Unless government procedures get simplified and sharply reduced in number, there is no way that enough jobs will get created to look after the futures of the 11-13 million young people who enter the job market each year. Modi himself assured the public that he would ensure “Minimum Government” once in office, a vow yet to be kept. From the very day he took charge as Prime Minister on May 26,2014, the decision by Modi to retain Manmohan Singh-era favourites in his official team and Vajpayee holdovers in his ministerial ranks created a twin handicap for him as well as the BJP that is becoming apparent enough to those around the Prime Minister. These worthies “see no problem, hear no problem and speak no problem”, which is why they facilitated even such measures as removal of 86% of the country’s currency without ensuring that the liquidity on which the economy depends was preserved. In the 2019 Lower House poll, the way Prime Minister Modi is handling the economy will be crucial in determining the vote. A large number of those who voted for BJP in 2014 did so because of their expectation that Modi will ensure administrative reforms designed to clean up and speed up governance in the country. Clearly the Prime Minister is scheduling such reforms only in a second term and not during his first five years in office.
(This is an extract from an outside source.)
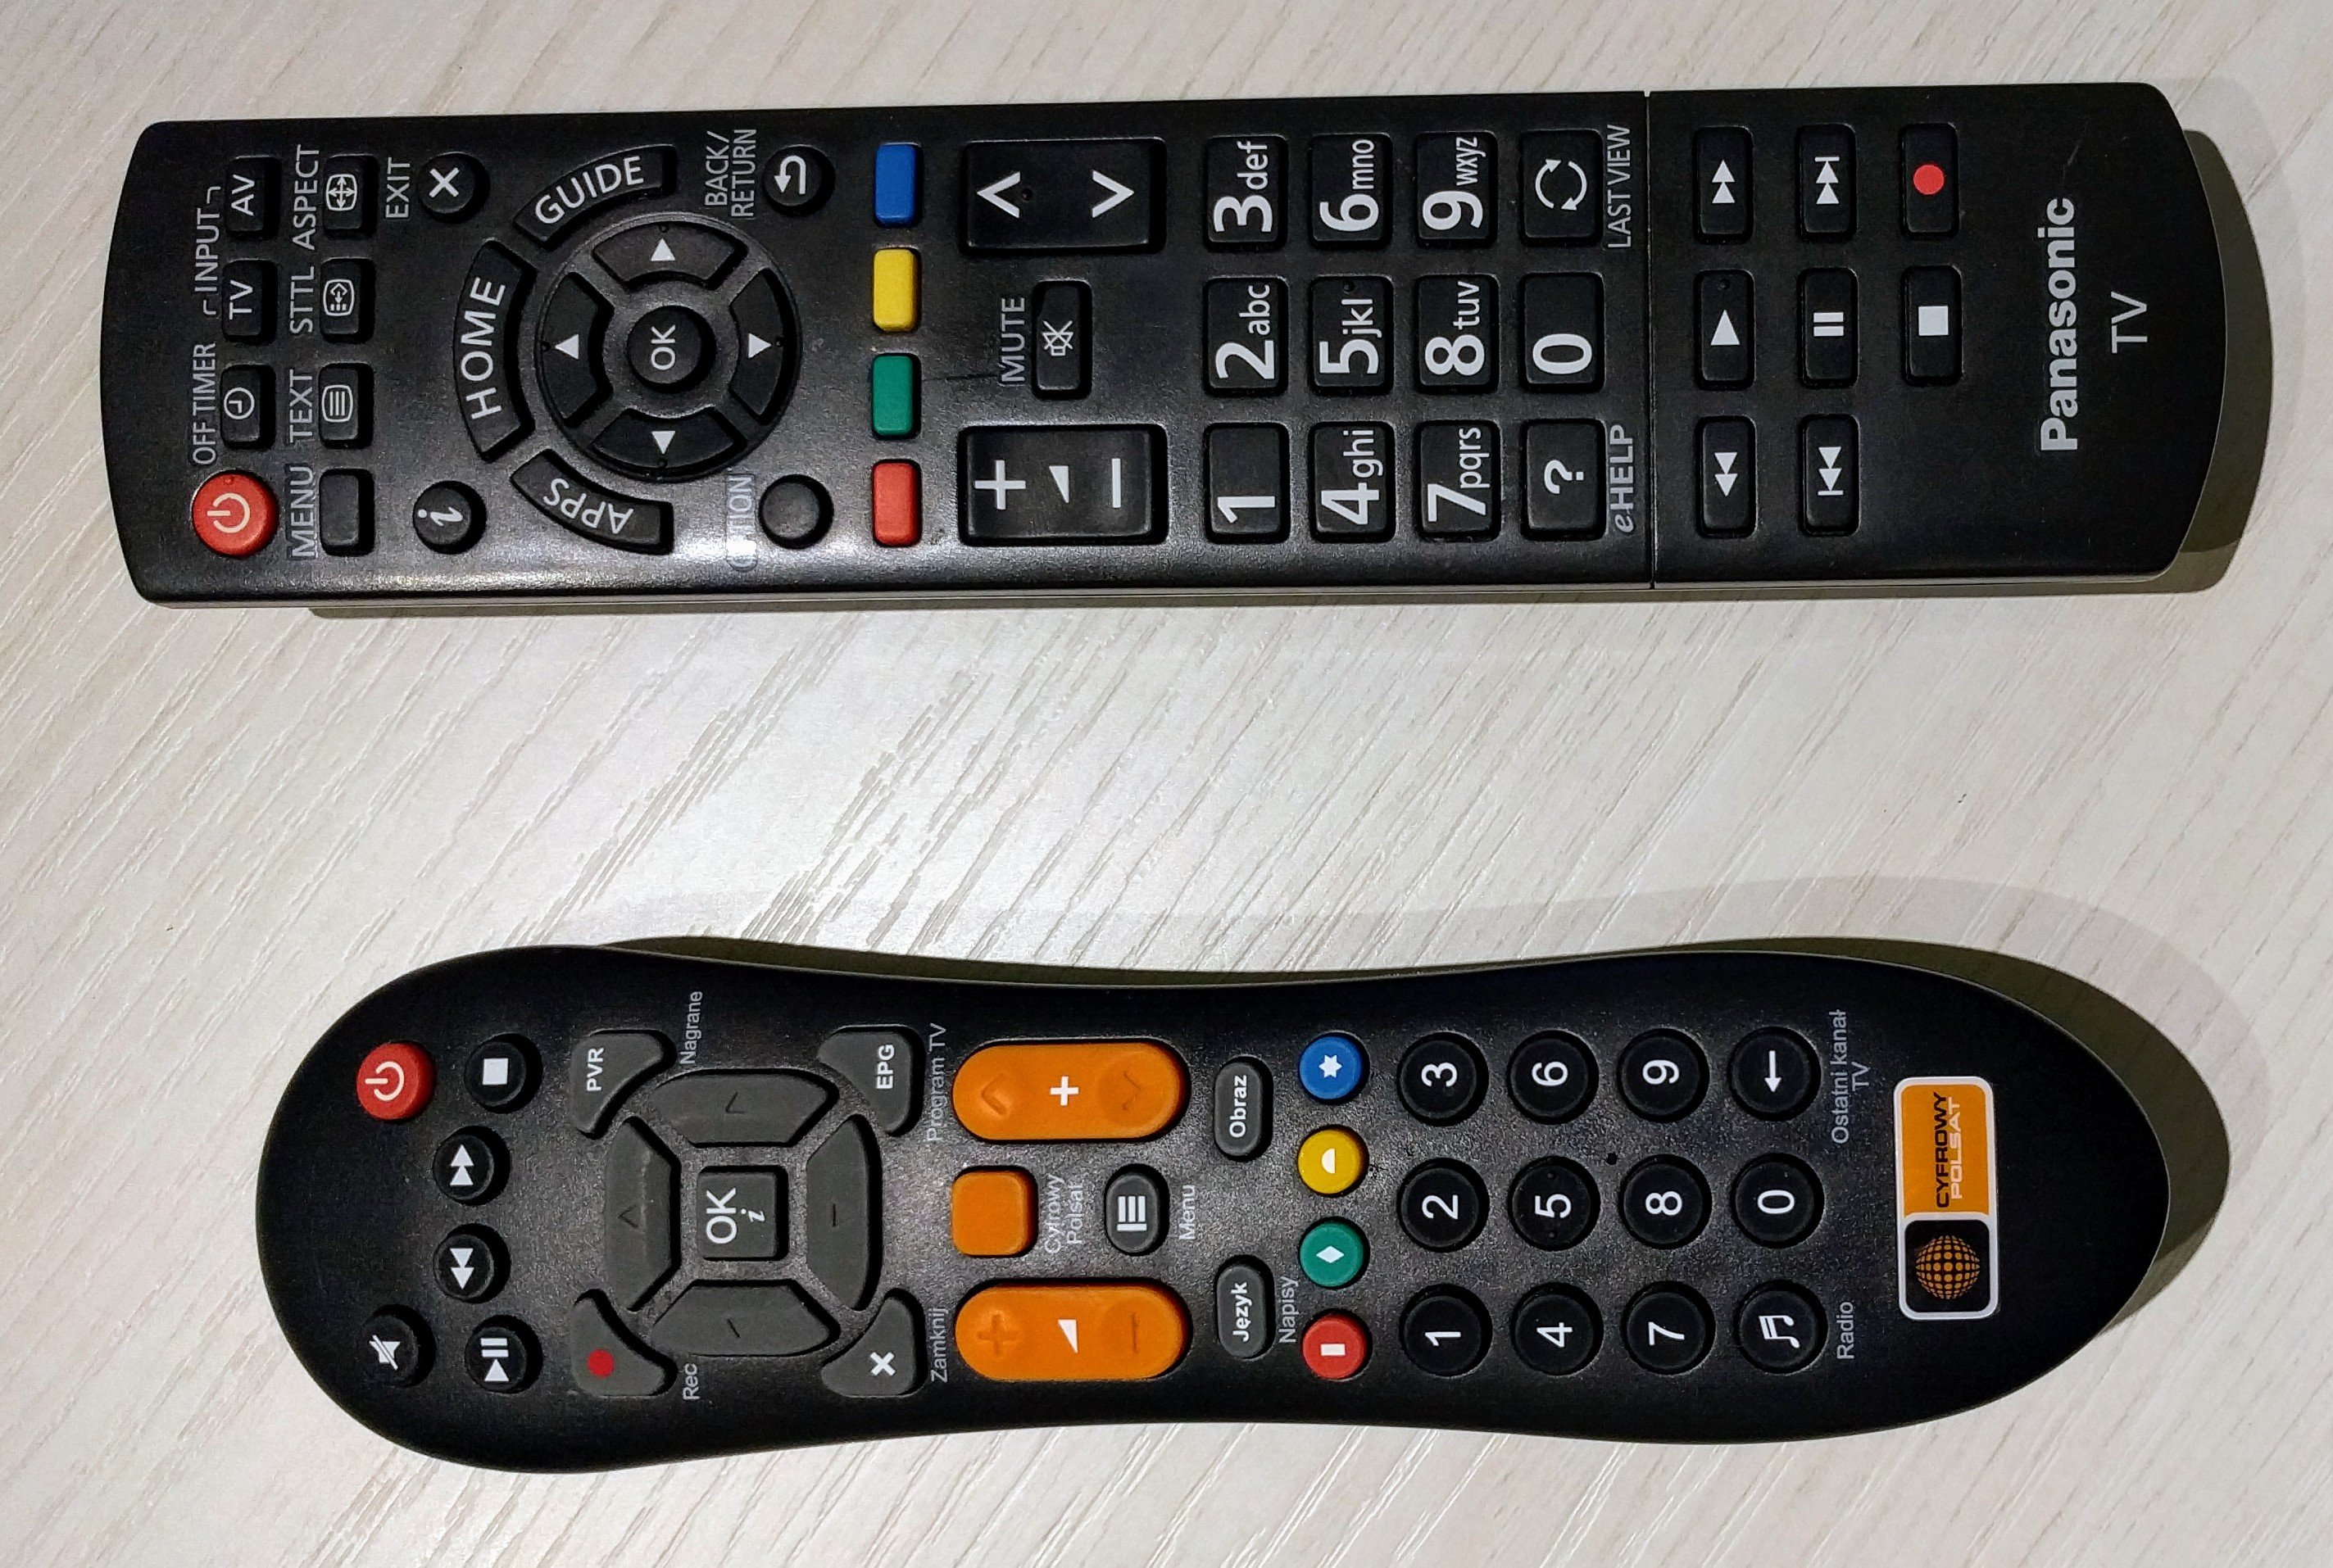 Broadlink RM Pro+ telecomando universale WiFi per TV, cancello, condizionatore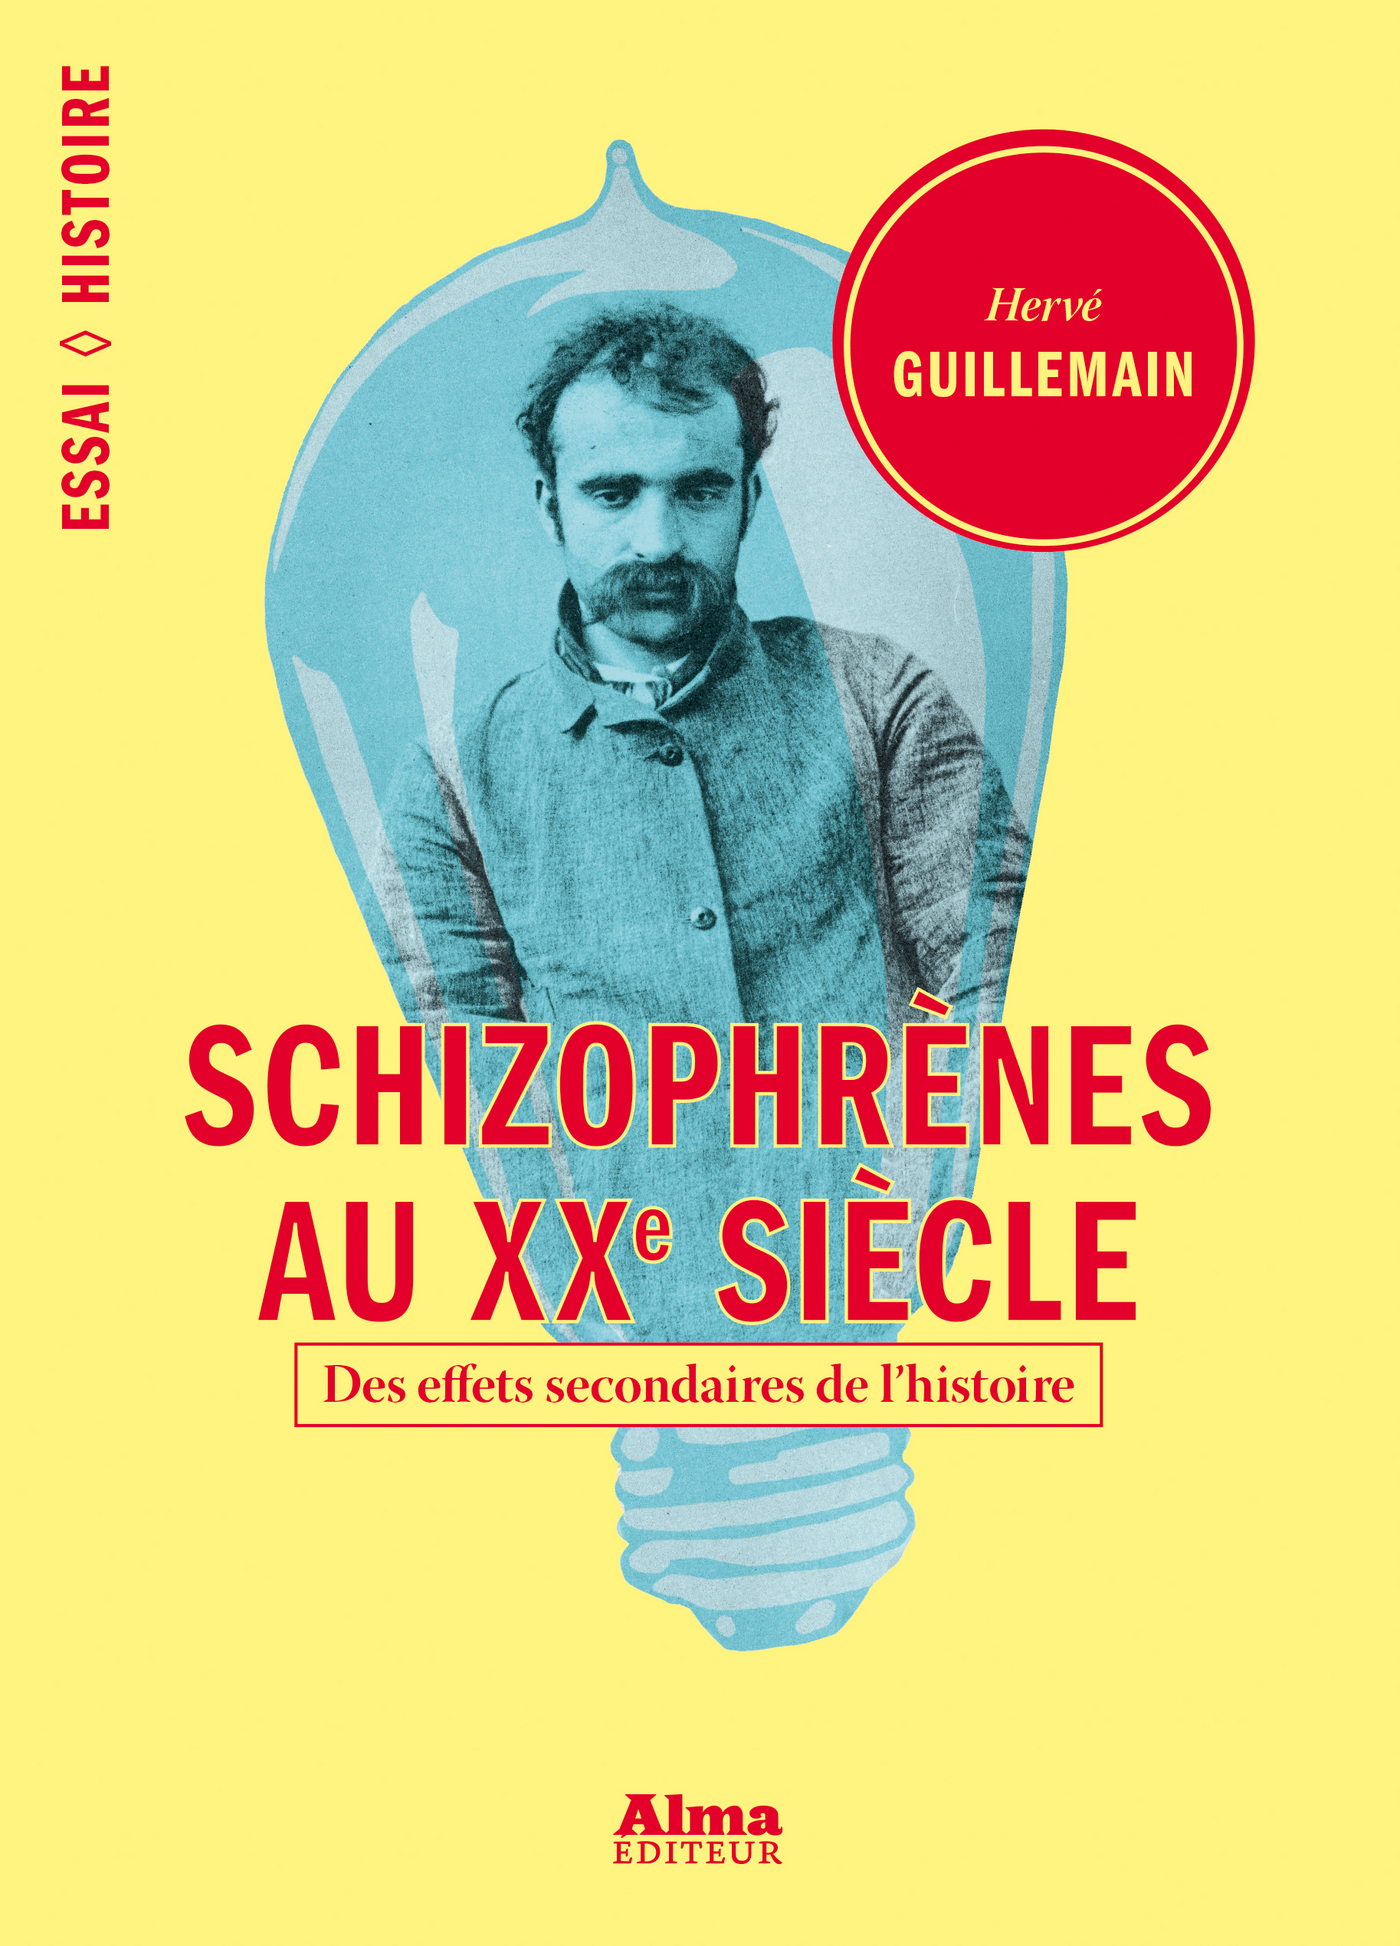 Schizophrènes au XXème siècle

The danger is that there is a rising chance that Modi will follow the example of Atal Behari Vajpayee. In the months before the 2004 Lok Sabha election, the effective head of the government (Brajesh Mishra,the Principal Secretary to the Prime Minister) was spending most of his time working out policies and deciding which people to reward and whom to punish once the BJP won the polls. As it happened, Vajpayee lost and the Congress Party came to power for two terms. Only Modi can defeat Modi, by making mistakes in policies and personnel. And judging by the mood across the country, this seems to be taking place. As a consequence, Congress President Rahul Gandhi ( who is showing himself to be far more competent than his mother and predecessor, Sonia Gandhi) is looking for a repeat of 2004. The aim is to ensure that the BJP tally falls below 200, a level which would make it difficult for the party to gather enough support to form another government with Modi remaining the Prime Minister. In recent months, Rahul Gandhi has emerged as an aggressive and effective campaigner, seeking to “do a Modi” on Modi by painting the Prime Minister as being less than honest. In coming months, it is expected that the charges against the BJP will rise in volume and number. Rahul Gandhi is on attack mode, and as military strategists know that is often the most effective way to get the better of an opponent who is forced to go reactive and defensive in the face of daily verbal thrusts.